Meta claims that Llama 4 has made significant progress in this area, outperforming Llama 3 and comparing favorably with the Grok Quite:
- On controversial political and social issues, the percentage of refusals to answer dropped from 7% in Llama 3.3 to less than 2%.
- The proportion of prompts that showed unequal (biased) refusals was lower than 1% for refusal responses.
- On a set of controversial political or social issues, Llama 4 exhibits a strong political orientation with a frequency of responses comparable to Grok, about half that of Llama 3.3.
Meta says it will continue to work to reduce the rate of bias in its models.
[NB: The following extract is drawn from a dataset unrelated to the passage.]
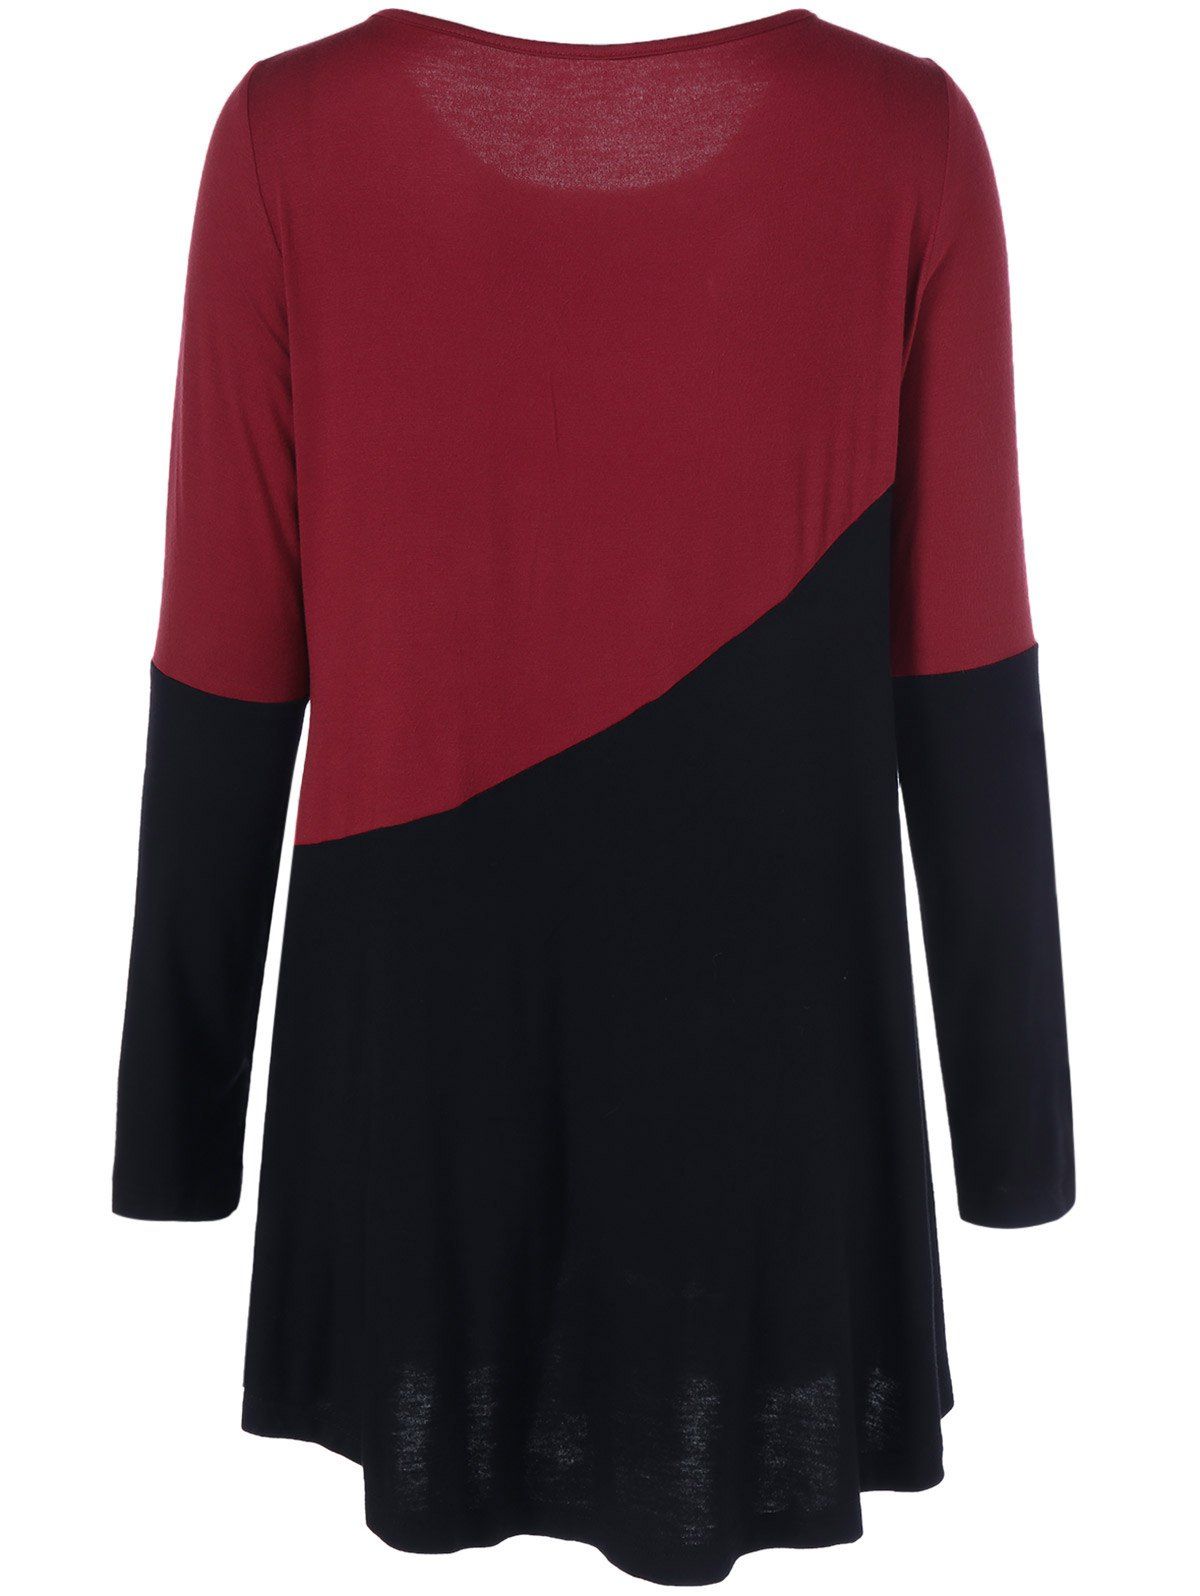 2018 Color Block Longline T-Shirt RED/BLACK M In Long Sleeves Online ...

Openness, Usability and Ecosystems
Llama 4 Scout and Llama 4 Maverick are now available for download on llama.com and Hugging Face, and will be coming to all major cloud, data and edge computing partners. Users can also experience the Llama 4 powered by WhatsApp, Messenger, Instagram Direct, and Meta. Meta AI The
Meta has re-emphasized its commitment to an open ecosystem, believing that openness drives innovation. The release of Llama 4, in particular its MoE architecture, native multimodal capabilities, and ultra-long context windows, certainly provides powerful new tools for AI developers and researchers. However, the actual performance of these advanced models, their ease of use, the cost of fine-tuning, and the potential risks they pose while driving "personalized experiences" remain to be tested and observed. Whether the Llama 4 series will truly usher in a new era of AI led by Meta is something the market will ultimately answer. Meta has also announced that it will share more information about its vision at LlamaCon on April 29th.